In the entries that follow, find the line containing "Bridal portrait, joyful bride" and the line containing "hulk 2008 full movie in hindi download 720p", then retype exactly the lines from the first through the second, pictures excluded.

» **Records supplied**
——————————
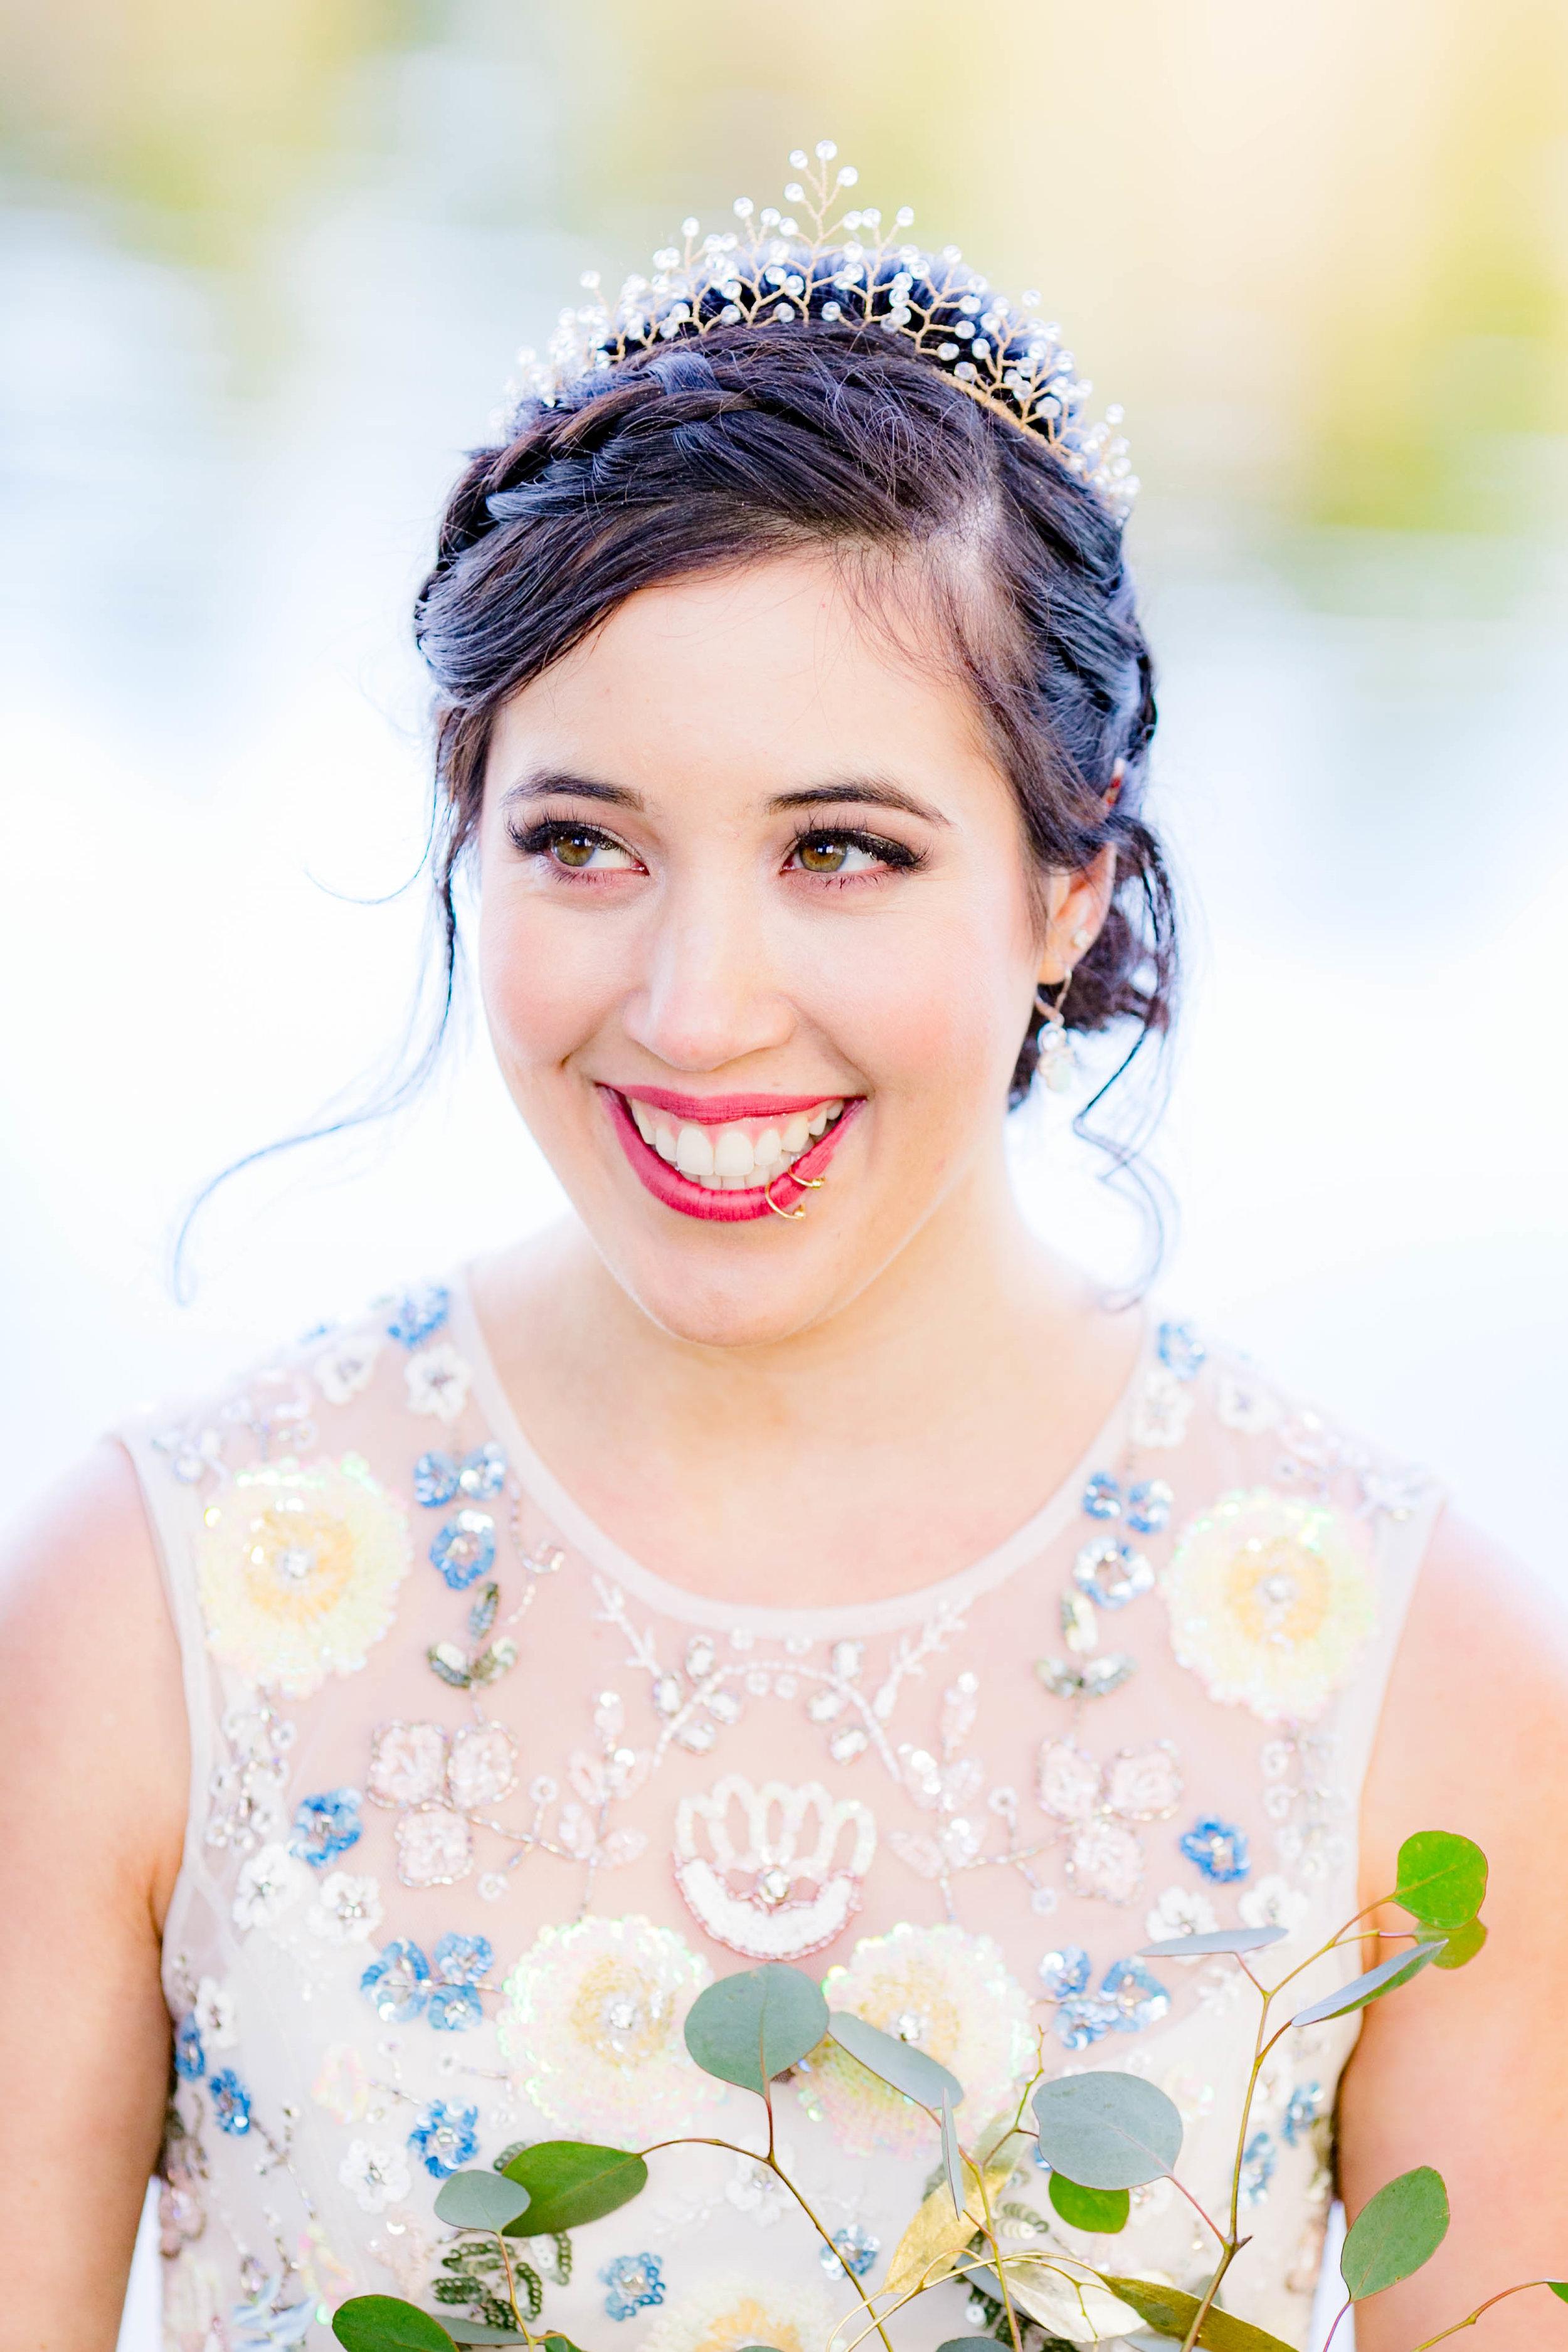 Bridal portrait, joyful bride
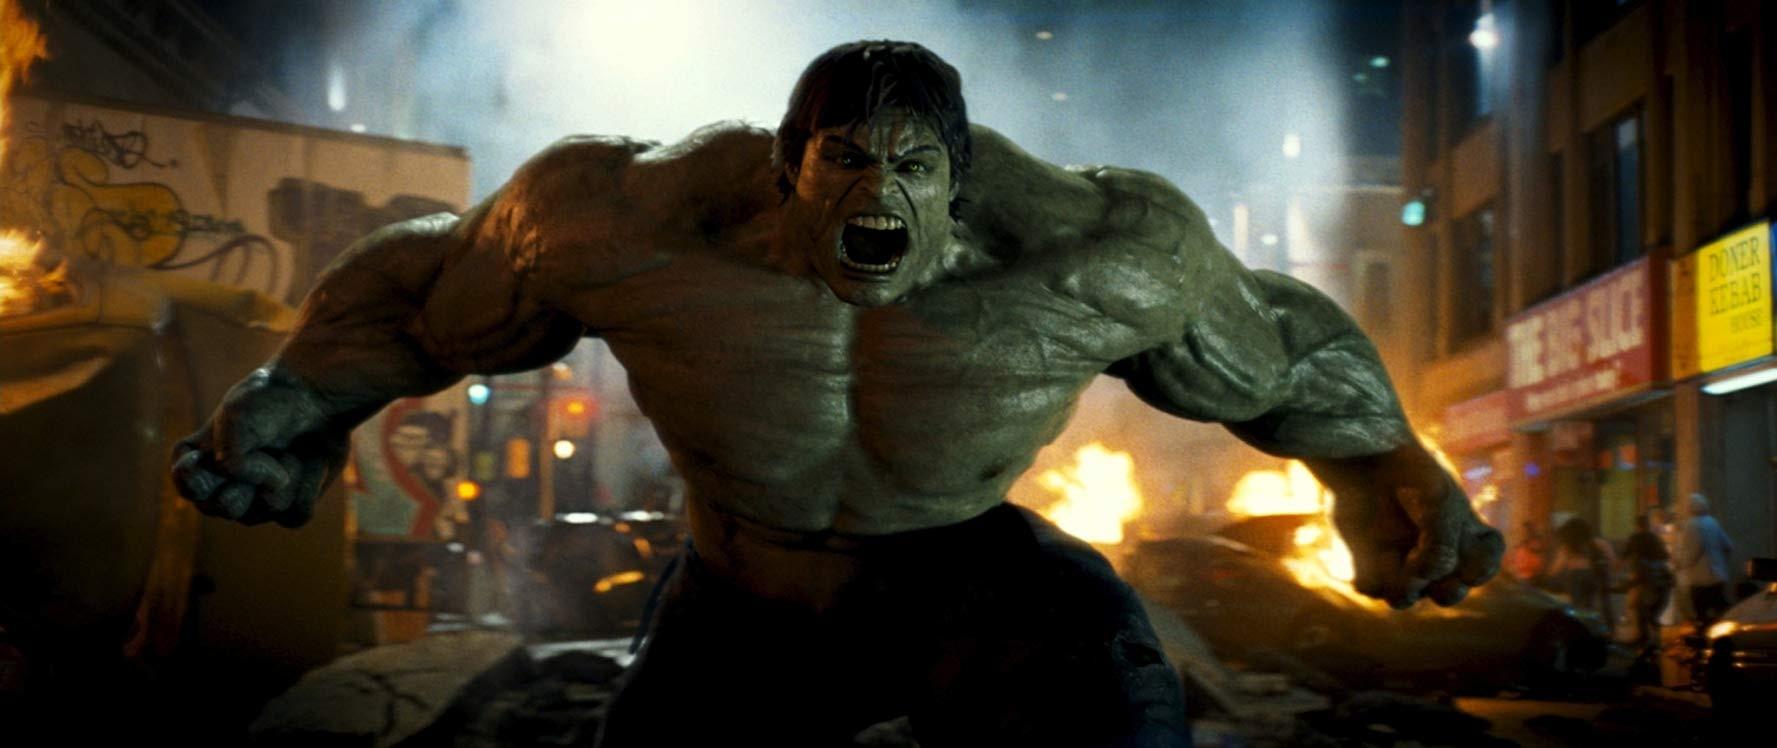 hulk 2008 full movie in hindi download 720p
——————————
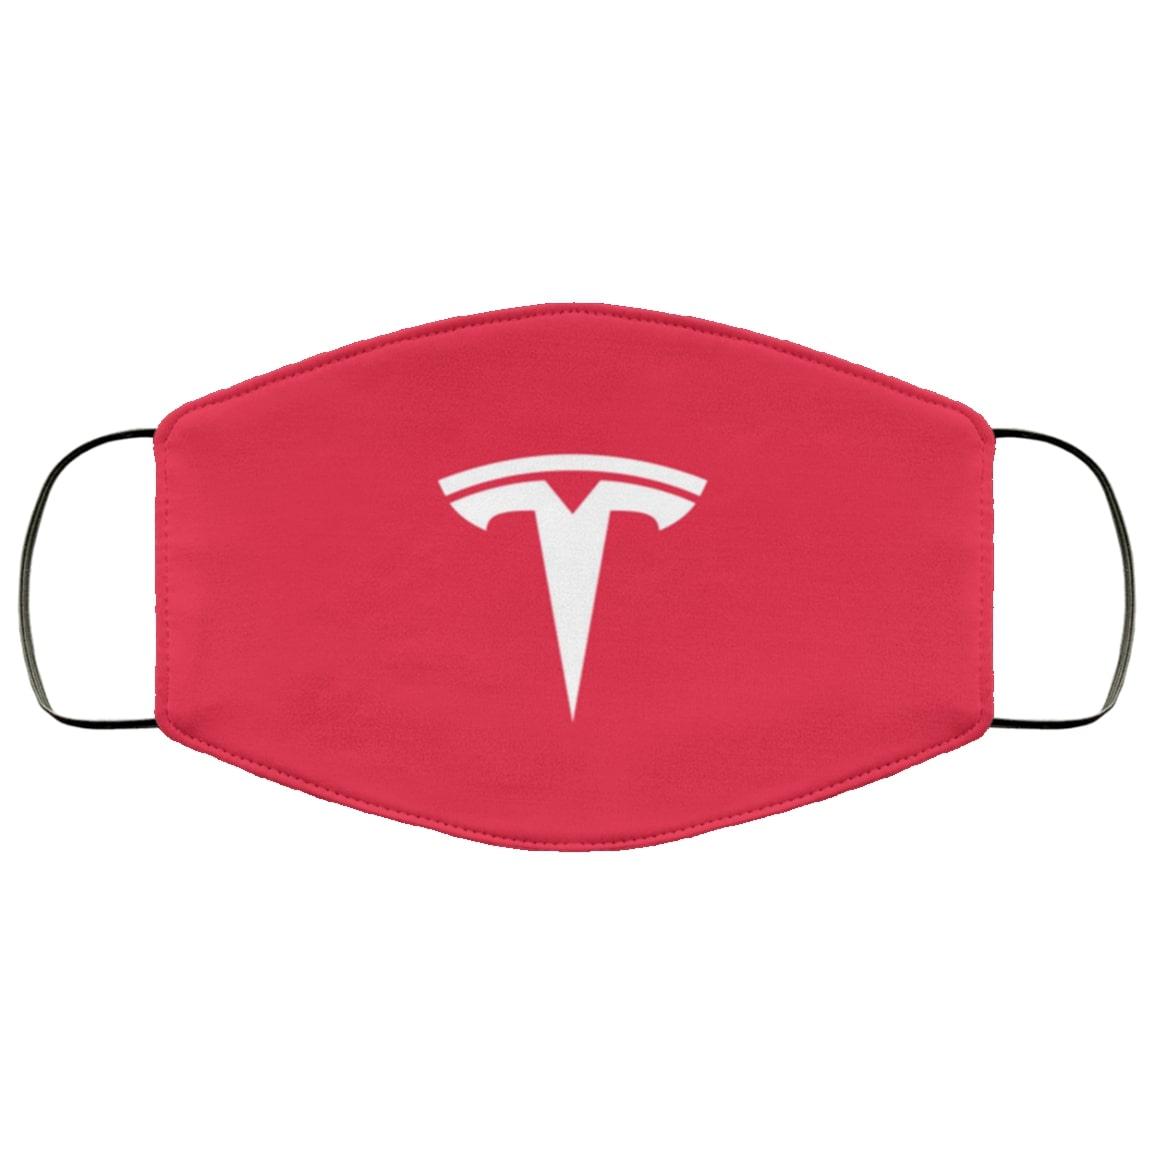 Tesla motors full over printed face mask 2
——————————
» **Your solution**
 Bridal portrait, joyful bride
 hulk 2008 full movie in hindi download 720p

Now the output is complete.